Our results show that more than 80% and 77% of patients with AS treated with TNFi had LDA or remission at 1 year after randomization to standard or reduced-dose schedules, respectively, in a pragmatic setting, with high external validity. Clear correlation has been reported in patients with AS between BASDAI, BASFI or ASDAS-CRP and disease activity, function and cost-effectiveness of treatments [28‐30]. Our study has shown similar results in both randomized arms for these variables. No differences were observed between the groups in the frequency of flares, and no substantial changes in the proportion of NSAID treatments were observed during follow up in either TNFi regimen. However, despite the overall small number of early study withdrawals due to poor disease control, these were numerically higher in the reduced-dose group. This observation has to be interpreted in the context of an open-label study, and considering which the clinical options were in the case of observing worse clinical scores: in the reduced-dose arm, the options included returning to full-dose schedule, while in the full-dose group the options were more aggressive, either dose intensification or switching.
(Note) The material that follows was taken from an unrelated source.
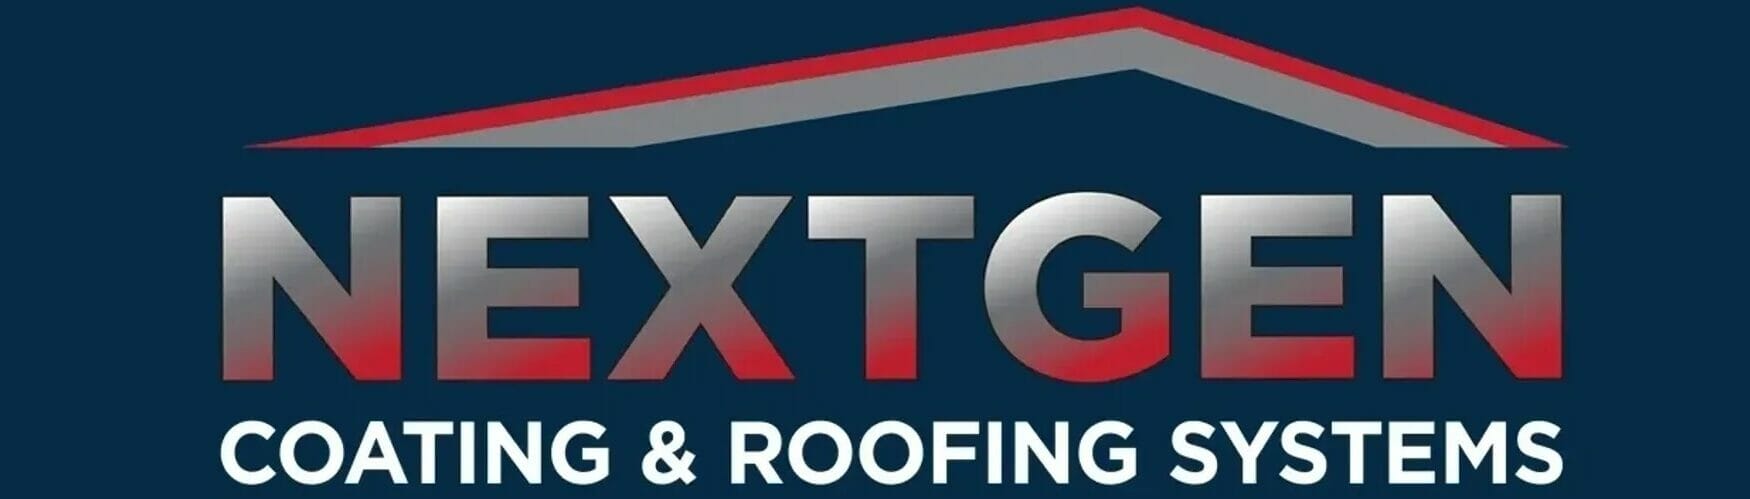 Next Gen Coating & Roofing Systems Icon

Since there are no universally accepted criteria for remission in AS, we used strict criteria at baseline, and randomized only patients with persistent and maintained clinical remission during the last 6 months while on TNFi [31]. In the absence of an alternative internationally agreed consensus on thresholds for response and control at the time of the study design, we used the Spanish Society of Rheumatology definition for low disease activity [16]. The definition was reflective of a consensus on the clinical therapeutic goal of treatment requiring action if not met. The definition was well-known, widely accepted and applied in clinical practice by rheumatologists in Spain.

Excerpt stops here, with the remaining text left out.